There are problems, though:

  • How to fix the content after a transaction is committed? It is impossible to implement a reasonable heuristic that would not break the content from the user perspective.
  • The model can become invalid during real-time collaborative changes. Operational Transformation, while implemented by us in a very rich form (with 11 types of operations instead of the base 3), ensures conflict resolution and eventual consistency, but not the model’s validity.

Therefore, we chose to handle such situations on a case-by-case basis, using more expressive and flexible model’s post-fixers. Additionally, we moved the responsibility to check the schema to features. They can make a lot better decisions a priori, before doing changes. You can read more about this in the “Implementing additional constraints” section above.

# High-level APIs

What about other, higher-level methods? We recommend that all APIs built on top of the writer should check the schema.

For instance, the Model#insertContent() method will make sure that inserted nodes are allowed in the place of their insertion. It may also attempt to split the insertion container (if allowed by the schema) if that will make the element to insert allowed, and so on.

Similarly, commands — if implemented correctly — get disabled if they should not be executed in the current place.

Finally, the schema plays a crucial role during the conversion from the view to the model (also called “upcasting”).

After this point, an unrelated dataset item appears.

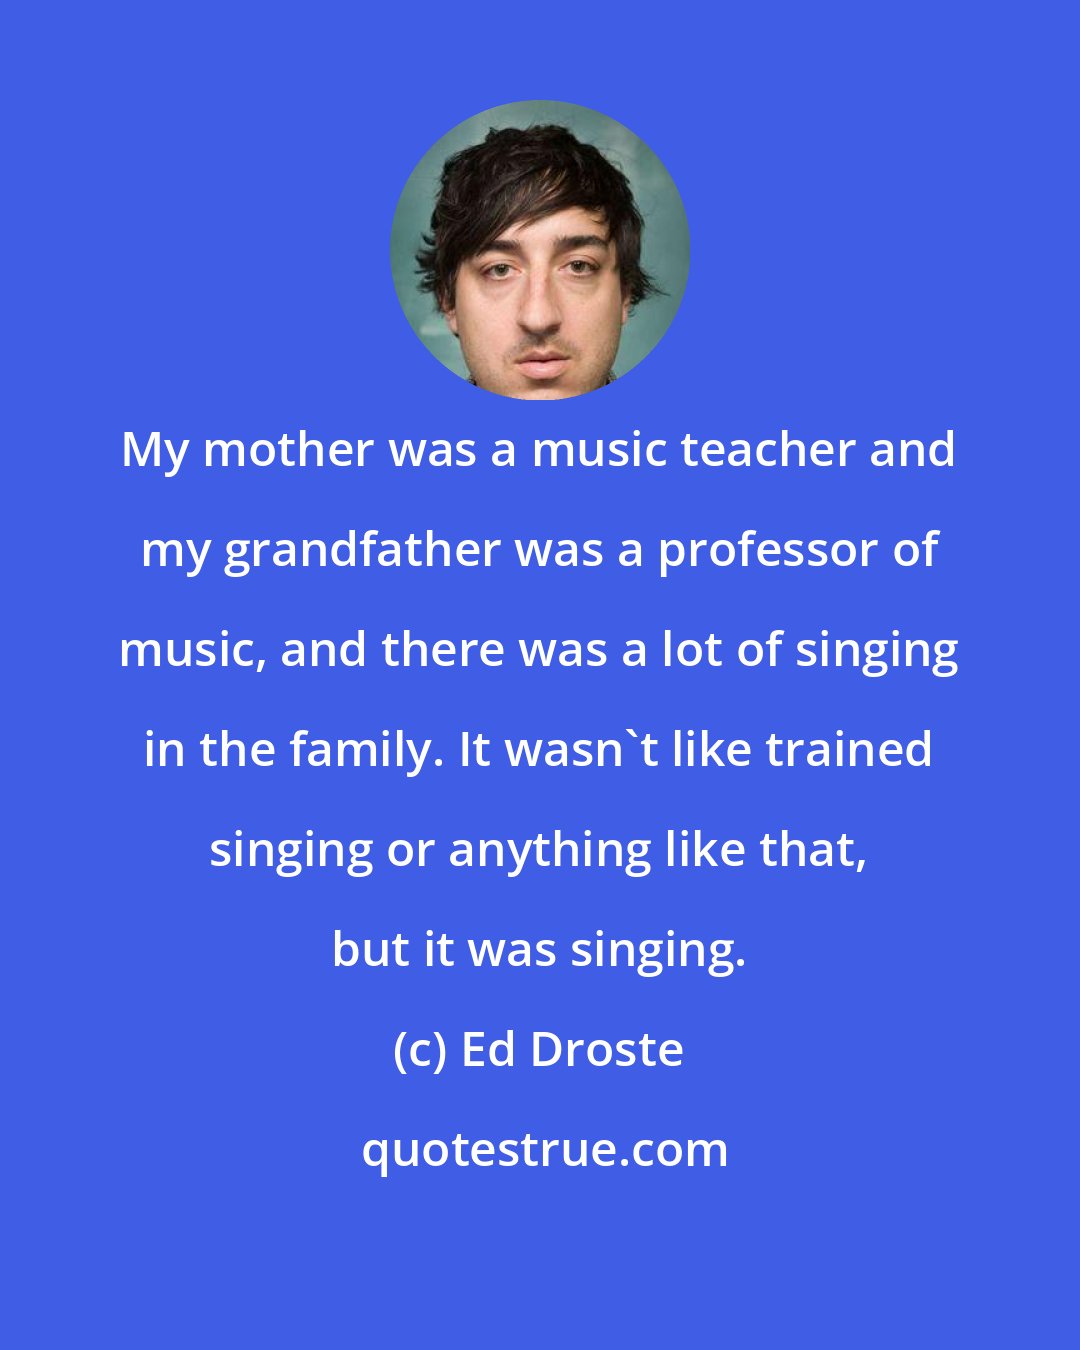 Ed Droste: My mother was a music teacher and my grandfather was a professor of music, and there was a lot of singing in the family. It wasn't like trained singing or anything like that, but it was singing.

During this process converters decide whether they can convert specific view elements or attributes to the given positions in the model. Thanks to that if you tried to load incorrect data to the editor or when you paste content copied from another website, the structure and attributes of the data get adjusted to the current schema rules.

Some features may miss schema checks. If you happen to find such a scenario, do not hesitate to report it to us.